Rounded M15 plates refill: Resupply kit for the M15 fragmentation grenade. Produces 30 items. Cost: 5000 Credits. Machinery Pathway: Unboxer. Cutter. Former.

SADAR missile assemblies: Resupply kits for the SADAR rocket types. Comes in HE, AP, and WP flavors. Produces 15 items. Cost: HE: 5000 Credits, AP: 6000 Credits, WP: 4000 Credits. Machinery Pathway: Unboxer. Cutter. Heater. Flattener. Atomic Reconstructor.

T160 Recoilless Rifle missile assemblies: Resupply kits for the recoilless rifle missile types. Comes in HE and LE flavors. Produces 15 items. Cost: 3000 Credits. Machinery Pathway: Unboxer. Cutter. Heater. Atomic Reconstructor.

All IFF Ammo: Production pathway for all IFF ammo types, including T-29, T-25, and T-81. Cost: T-25 Boxes: 2000 Credits, T-29 Drums: 5000 Credits, T-81 Magazines: 4000 Credits. Machinery Pathway: Unboxer. Cutter. Atomic Reconstructor.

Claymore parts refill: Resupply kits for the claymore. Produces 30 items. Cost: 3000 Credits. Machinery Pathway: Unboxer. Atomic Reconstructor. Former.

Pizza Galaxy “Eat healthy” margherita pizza: Resupply kit for the margherita pizza. Produces 30 items. Cost: 2500 Credits. Machinery Pathway: Unboxer. Cutter. Heater.
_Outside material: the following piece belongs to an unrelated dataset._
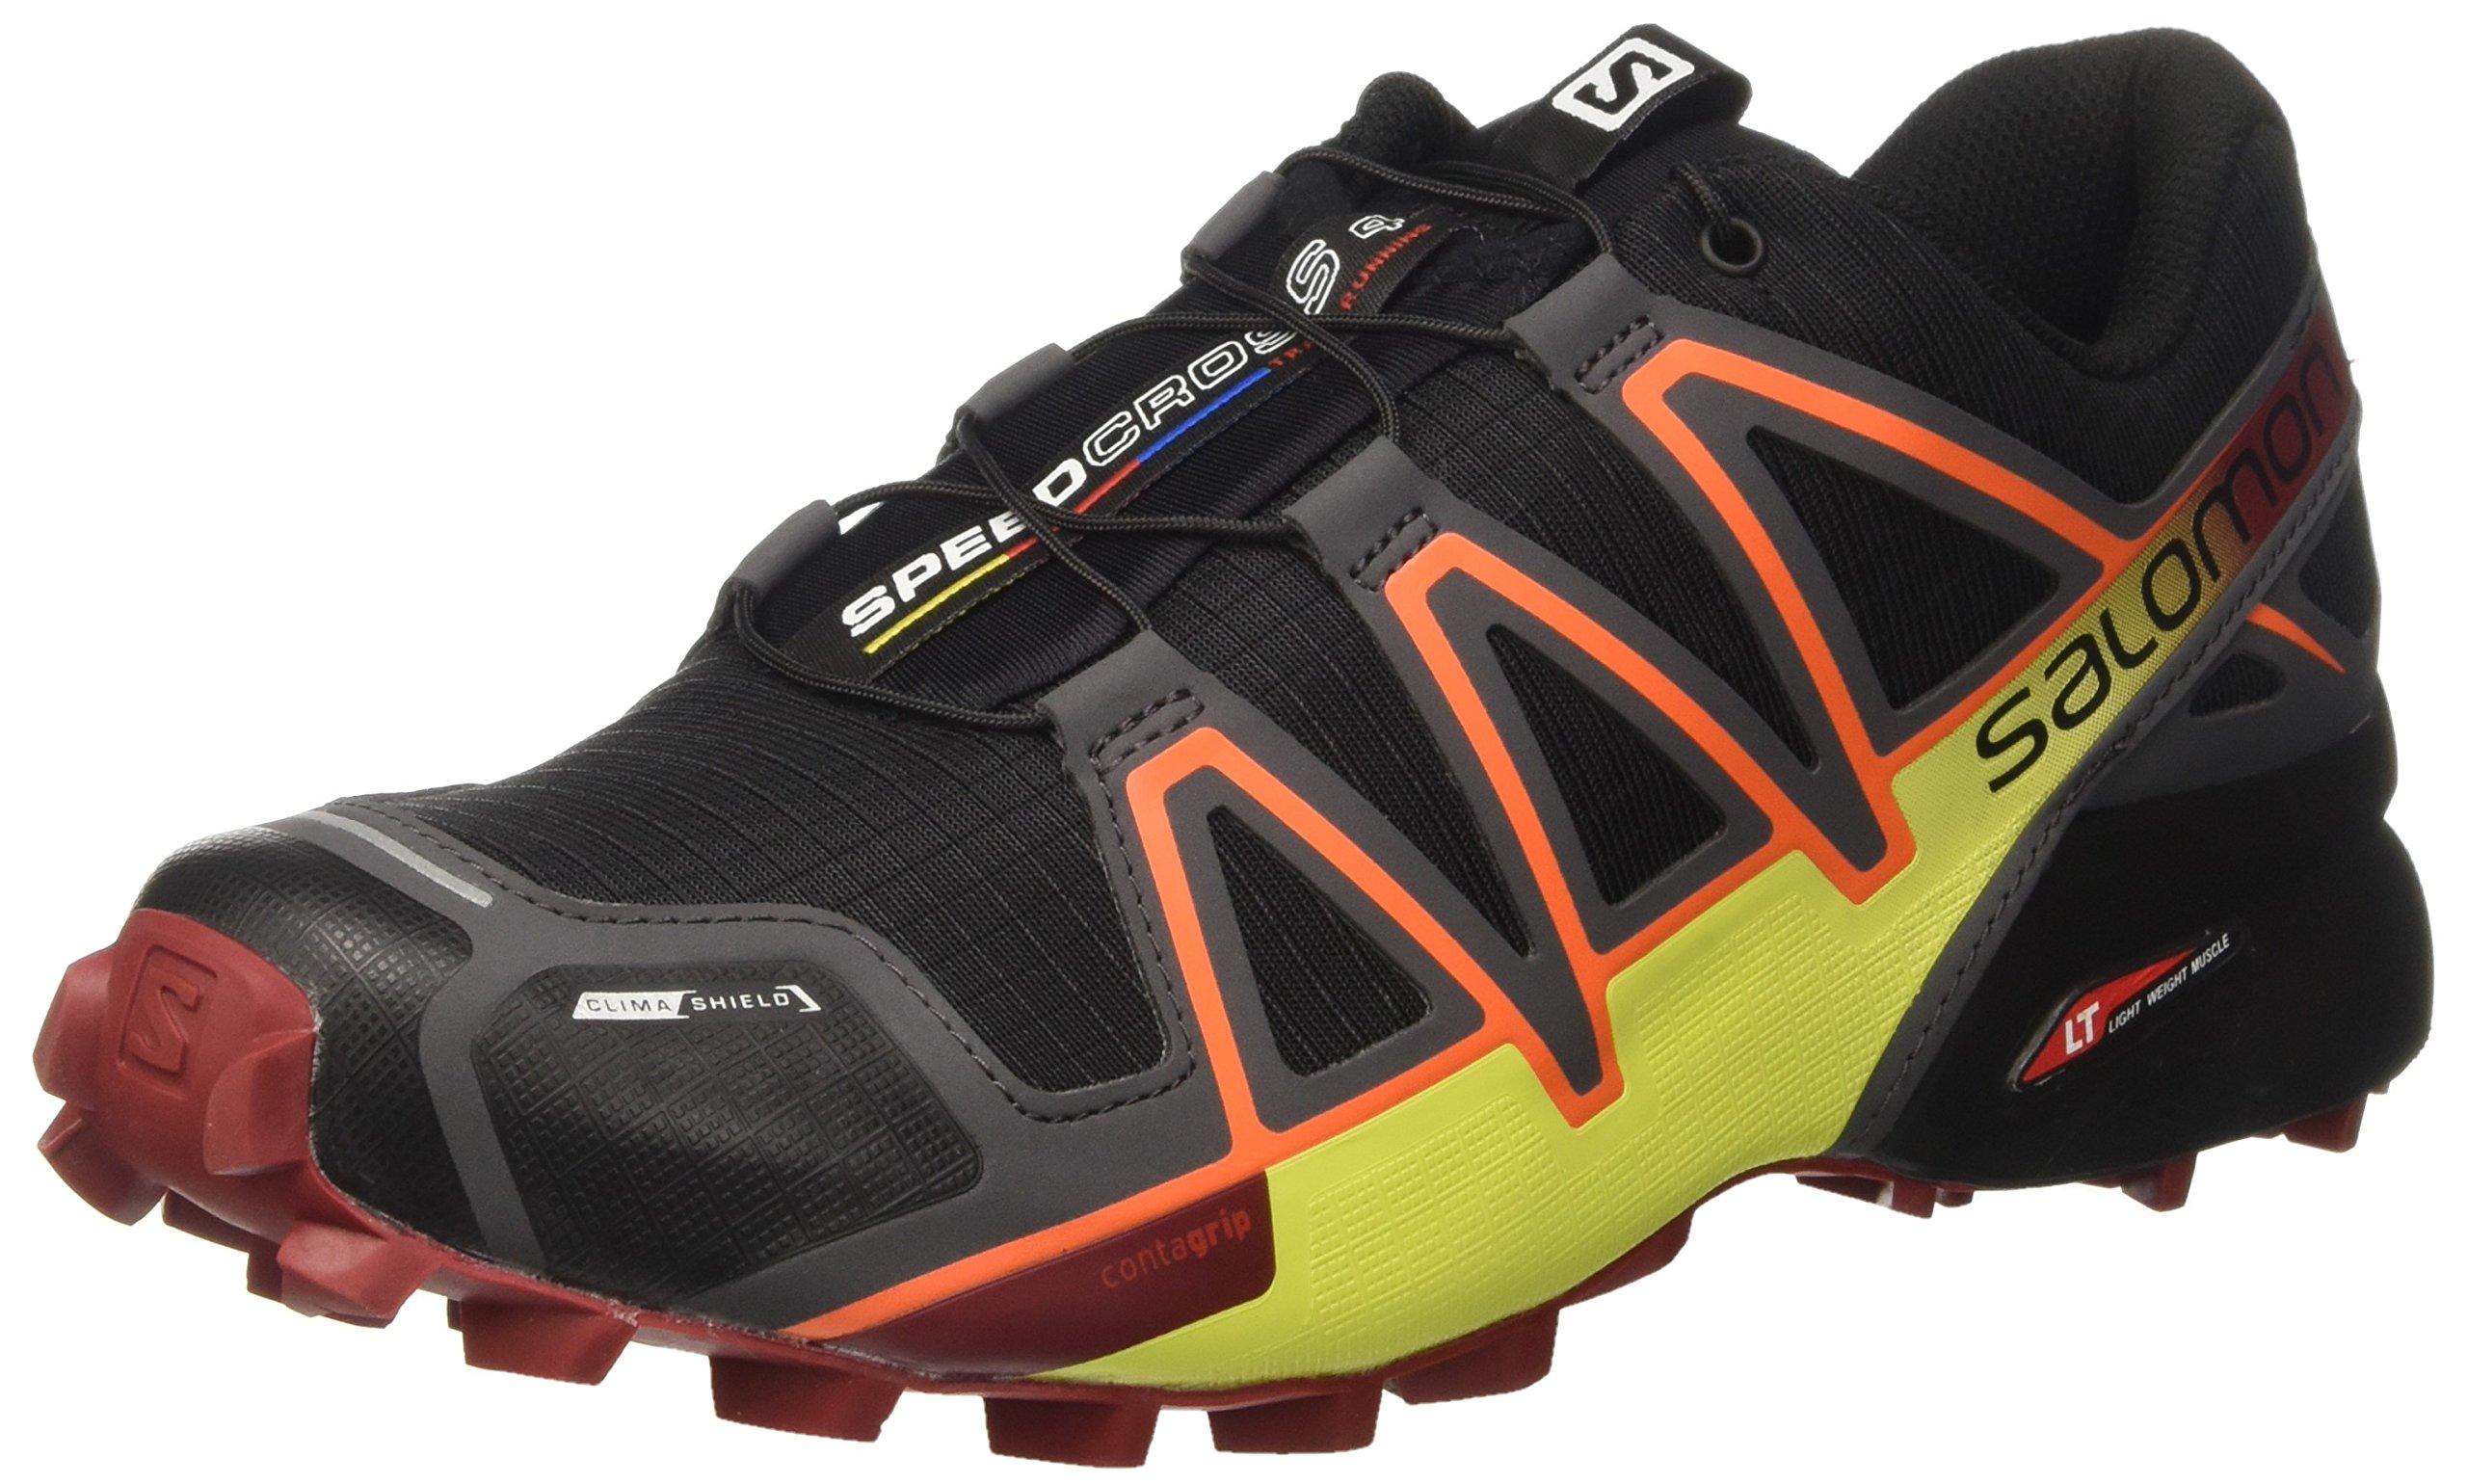 Salomon Men's XA Pro 3D Trail Running Shoes, Black/Magnet/Red Dahlia, 9 D US

Mateba speedloader parts refill: Resupply kits for mateba speedloaders. Produces 30 items. Cost: 3000 Credits. Machinery Pathway: Unboxer. Cutter. Flattener.

Railgun round parts refill: Resupply kits for railgun cartridge magazines. Produces 30 items. Cost: 2000 Credits. Machinery Pathway: Unboxer. Cutter. Flattener. Atomic Reconstructor.
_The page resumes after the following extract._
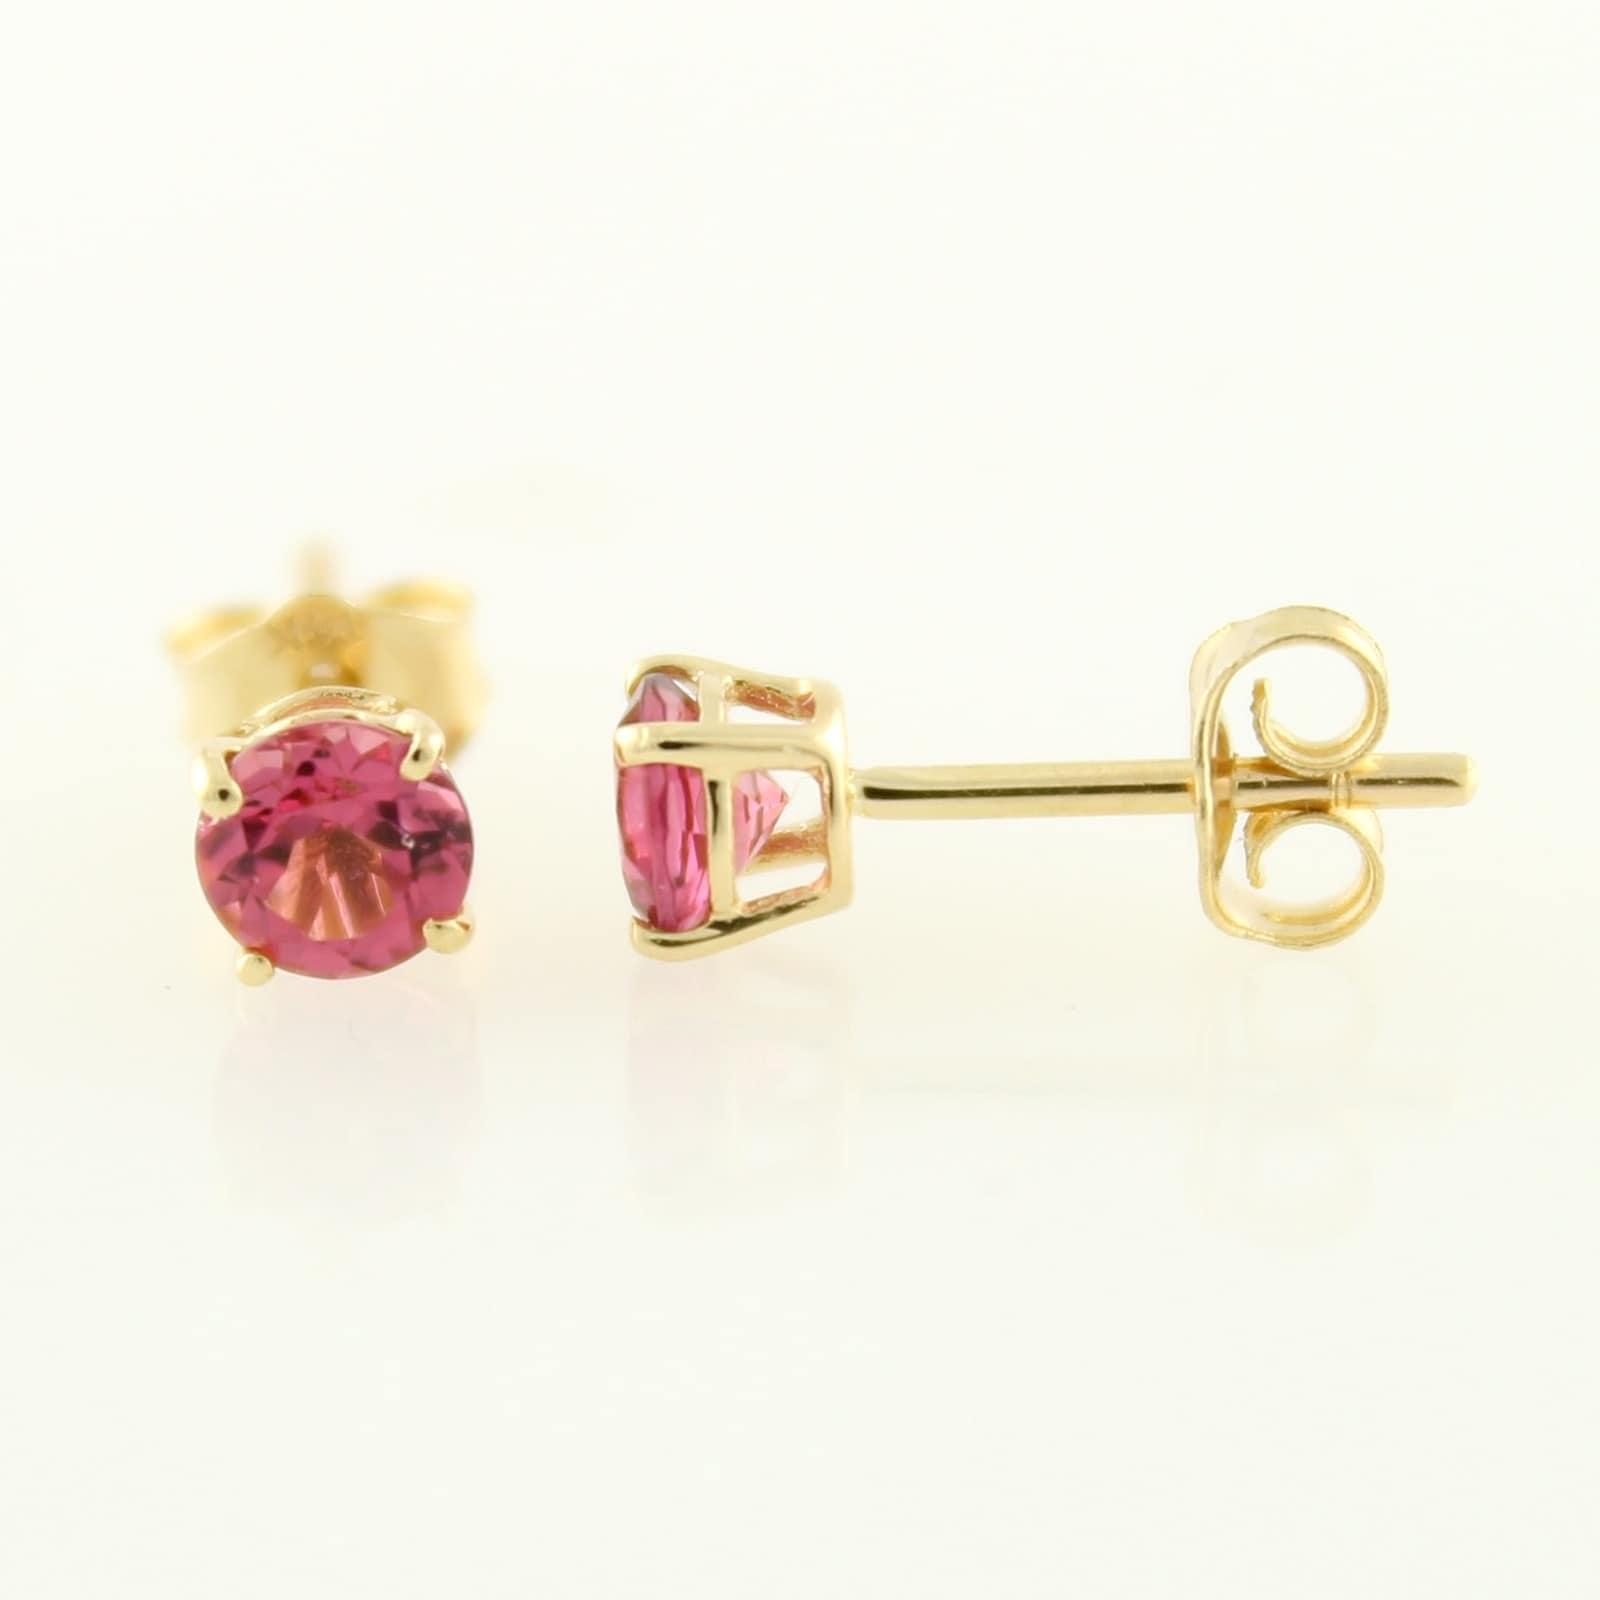 Pinctore 10k Yellow Gold Genuine Pink Tourmaline Topaz 4mm Round Stud Earrings

TX-8 magazine parts refill: Resupply kits for TX-8 magazines. Produces 30 items. Cost: 5000 Credits. Machinery Pathway: Unboxer. Cutter. Heater. Former.

Other Utilities

The Operational Supplies Vendor

All requisitions bays will have 4 vendors to help you with your job; The Operational Supplies Vendor, the Automated Weapons Vendor, the Surplus Clothing Vendor, and the Surplus Armor vendor. These can be used to acquire certain ASRS items for free, such as Jaeger armor or weapon attachments.

The most useful by far is the Operational Supplies Vendor. This contains a small amount of several specialist weapon ammunition types, several utility items such as plastic explosives, fultons and autominers, as well as vending 2 boxes of each standard grenade type and one box of most standard ammo types. It is recommended to empty the standard ammo and most of the utility items into one or two crates, and load them onto the Alamo for the marines to use.
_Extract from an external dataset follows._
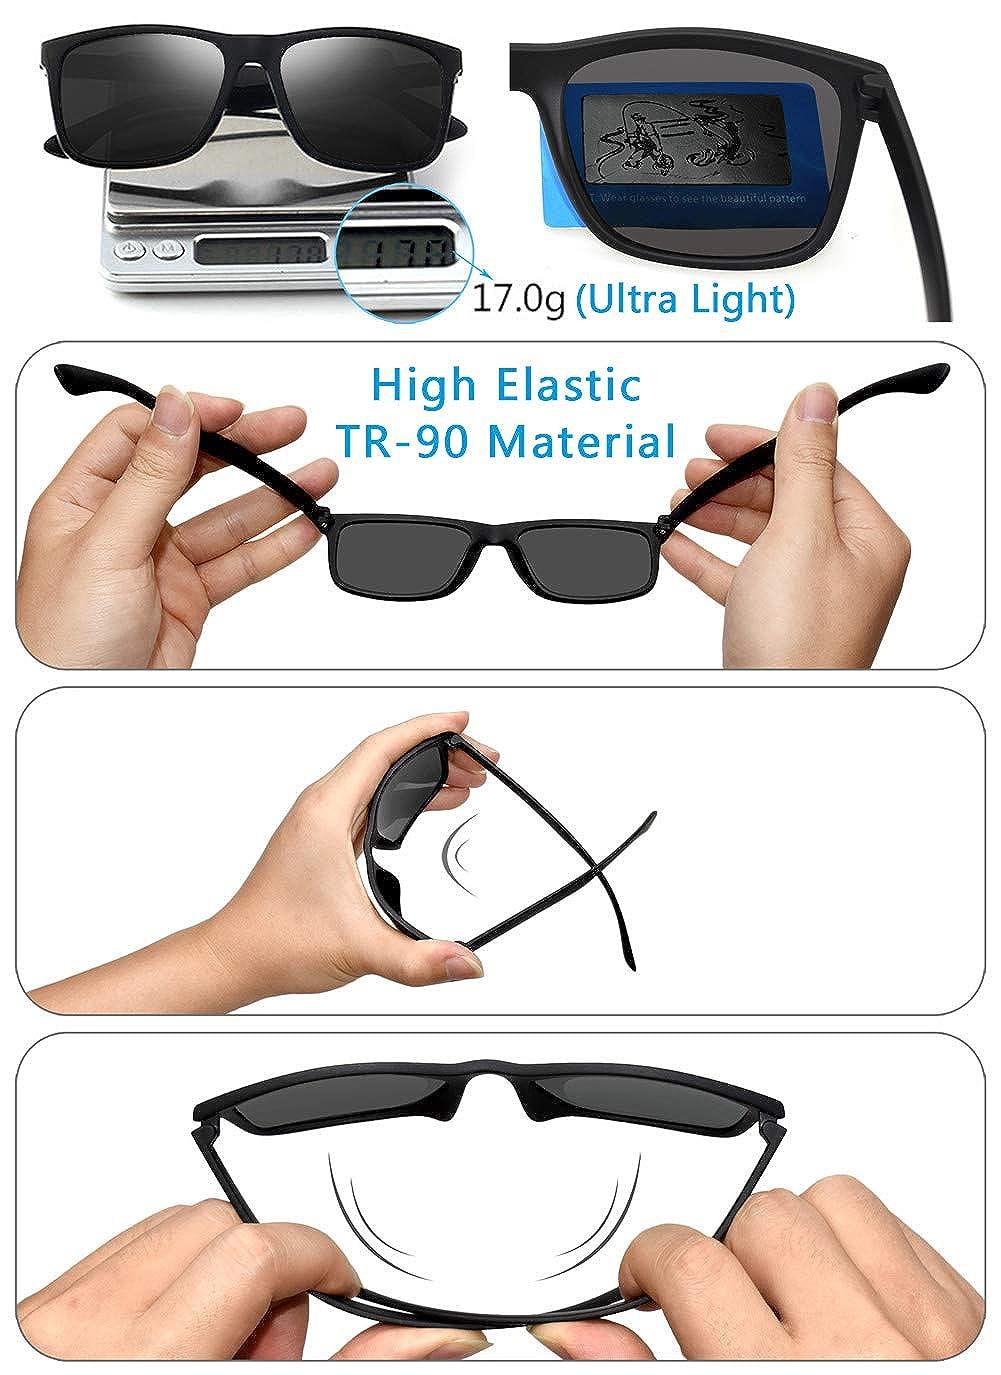 Amazon.com: Gafas de sol polarizadas para hombre, TR90 ...

The Automated Weapons Vendor can vend infinite free standard attachments, negating the need to order them from the ASRS system. Some attachments, like the Build-A-Sentry or Tactical Shotgun Stock still need to be ordered. The vendor can also provide free ammunition for standard weapons, so use this to restock if you get a request for non-specialized ammo.

The Requisitions Overwatch Console

In addition, the Requisitions bay comes equipped with its own Overwatch console. Make sure to use this in order get a feel for the situation on the ground, and operate accordingly. Functionally, this console operates the same as those found on the bridge.

Keys to the Armory

“You want to know how to drive a starship to madness? Start giving people what they want.”

On the one hand, it's hard to slip away from your position for too long if there's active military work going on. On the other, you have all sorts of toys to create Fun amongst the crew, from laser beams to grenades to rockets. Just remember to try to be subtle - nobody will believe that the Marines dragged a crate of HE grenades into the Garden by themselves.